### Exercise details
Restate every entry verbatim; drop the pictures.

[Records from a data collection]
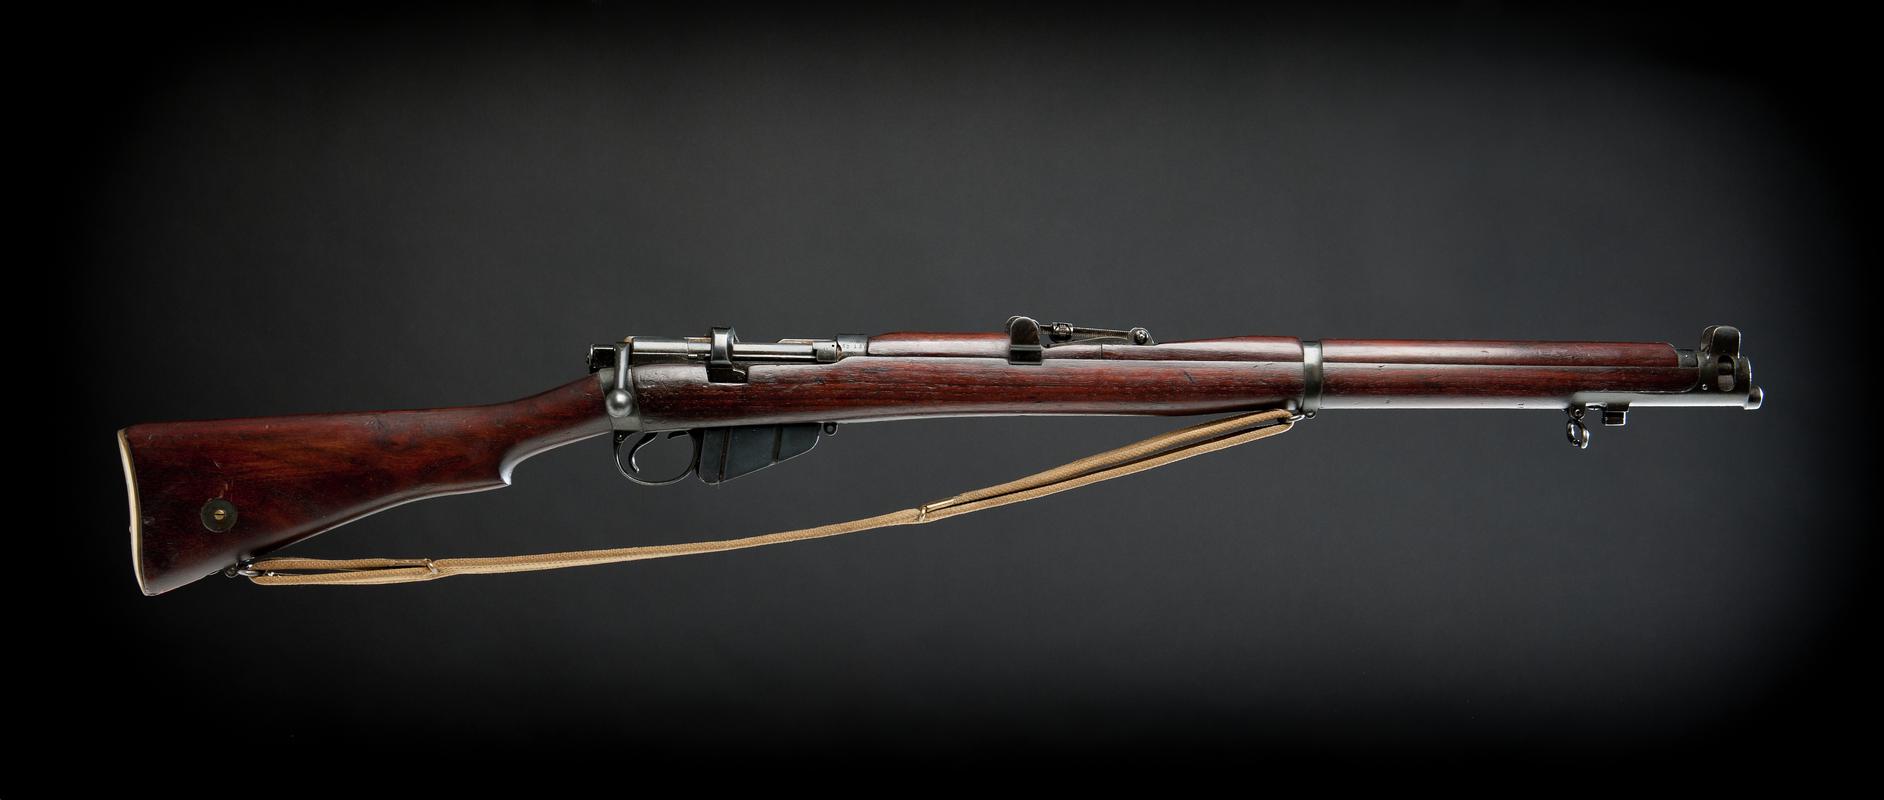 Lee Enfield bolt action rifle mark 3, with a breech-carrying strap.
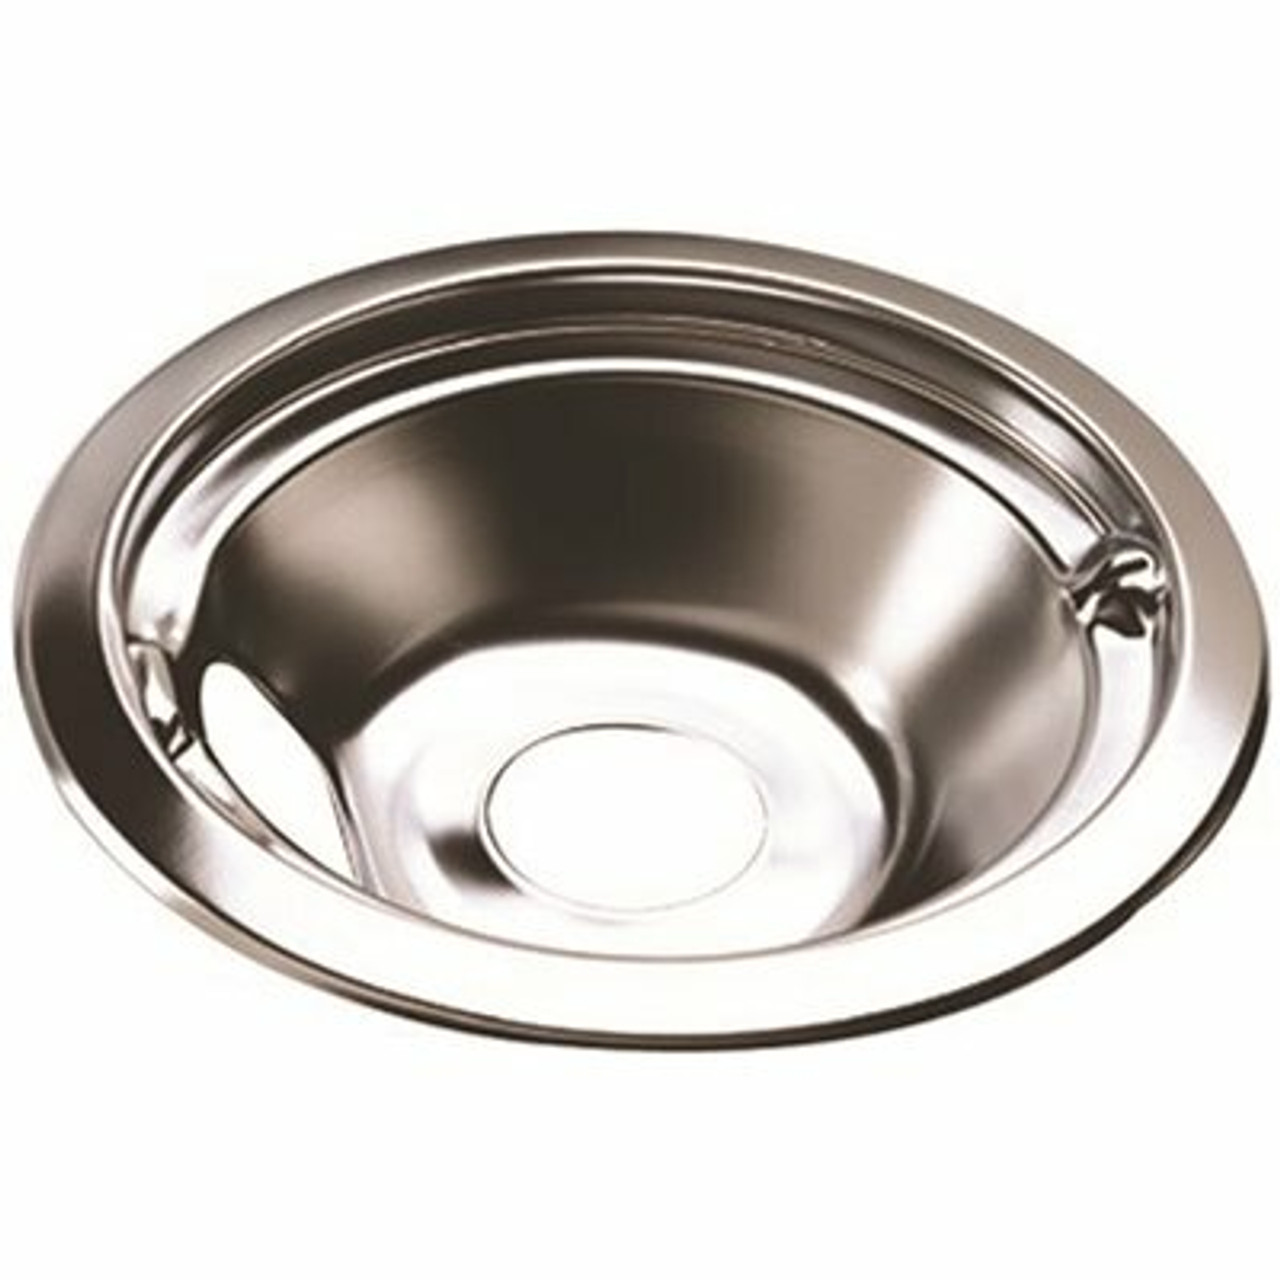 Electric Range Drip Pan Fits Whirlpool Ranges In Chrome, 6 In. (Pack Of 6)
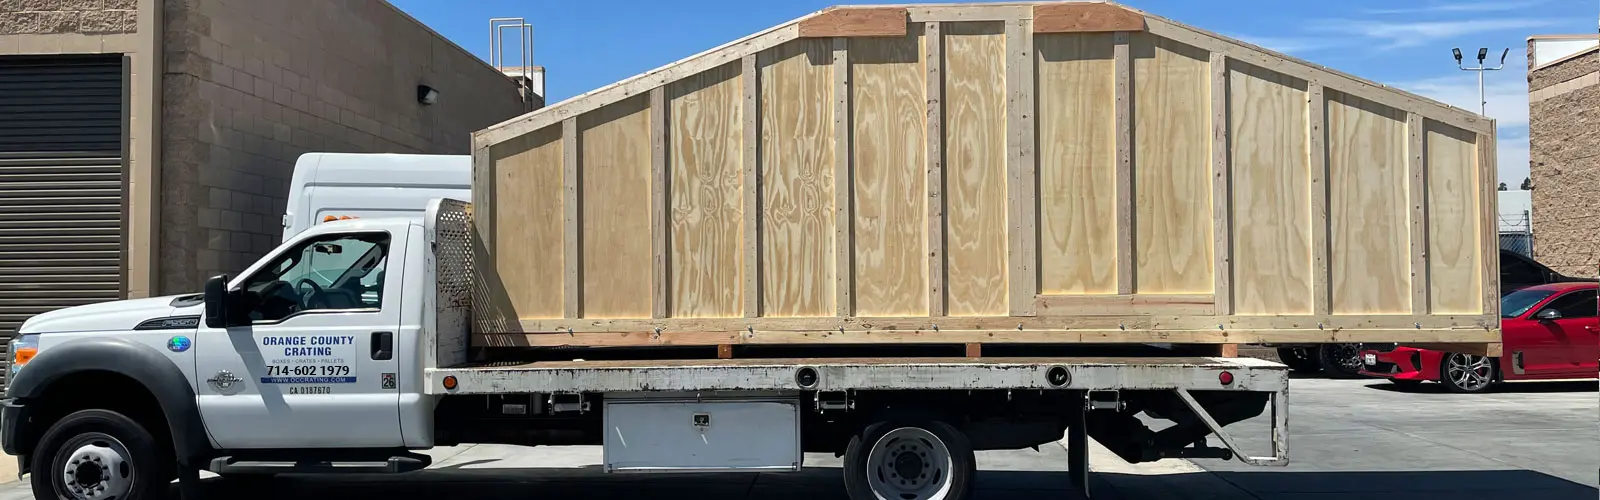 Crating, Packing & Shipping Services in Orange County, CA
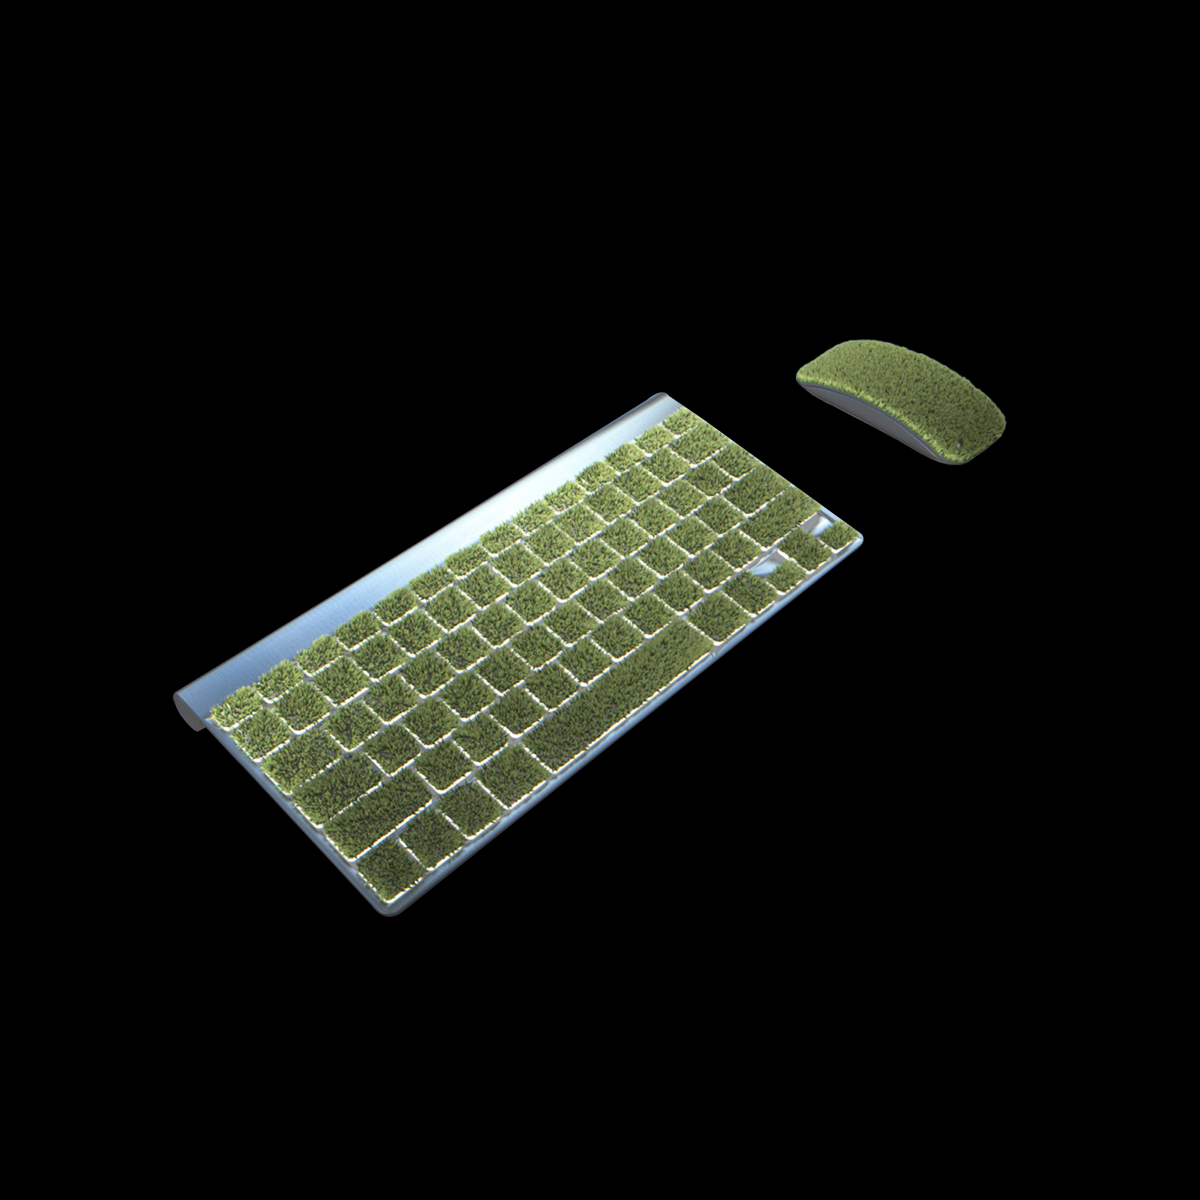 Touch Grass Keyboard and Mouse
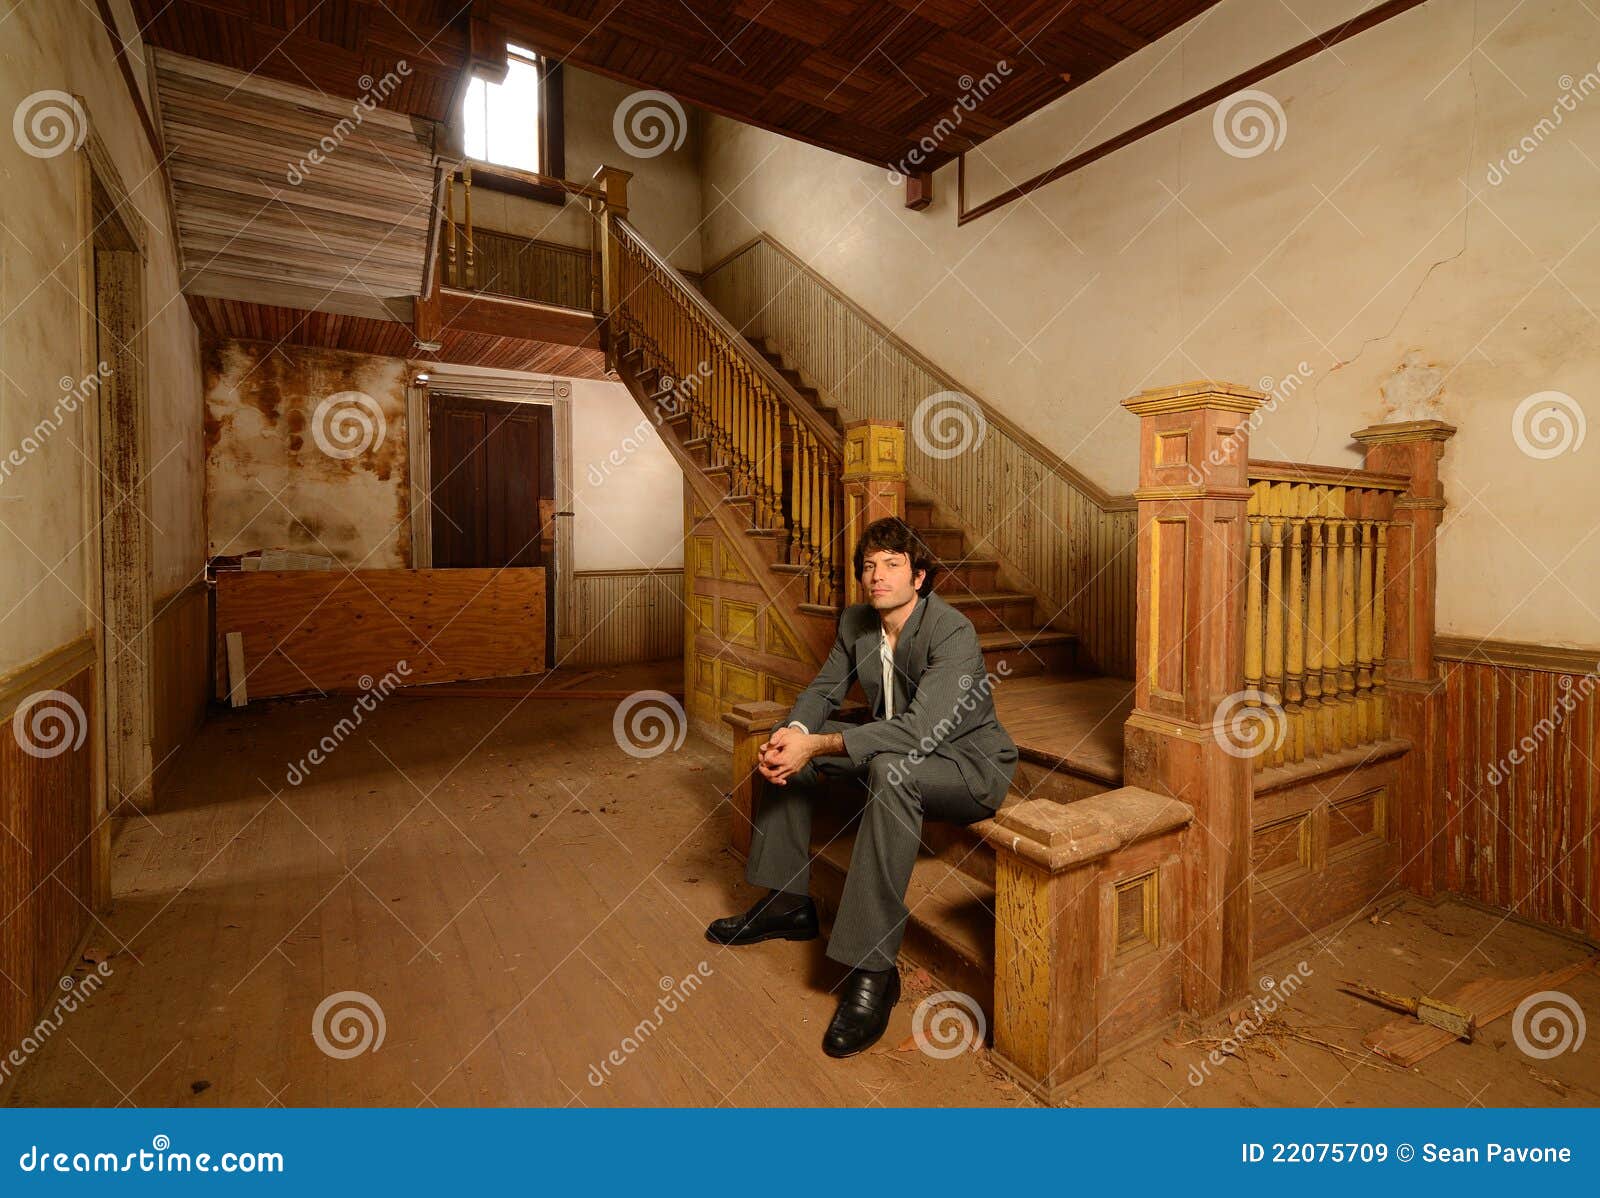 Man Sitting On Stairs In An Old House Stock Image - Image

### Task answer
 Lee Enfield bolt action rifle mark 3, with a breech-carrying strap.
 Electric Range Drip Pan Fits Whirlpool Ranges In Chrome, 6 In. (Pack Of 6)
 Crating, Packing & Shipping Services in Orange County, CA
 Touch Grass Keyboard and Mouse
 Man Sitting On Stairs In An Old House Stock Image - Image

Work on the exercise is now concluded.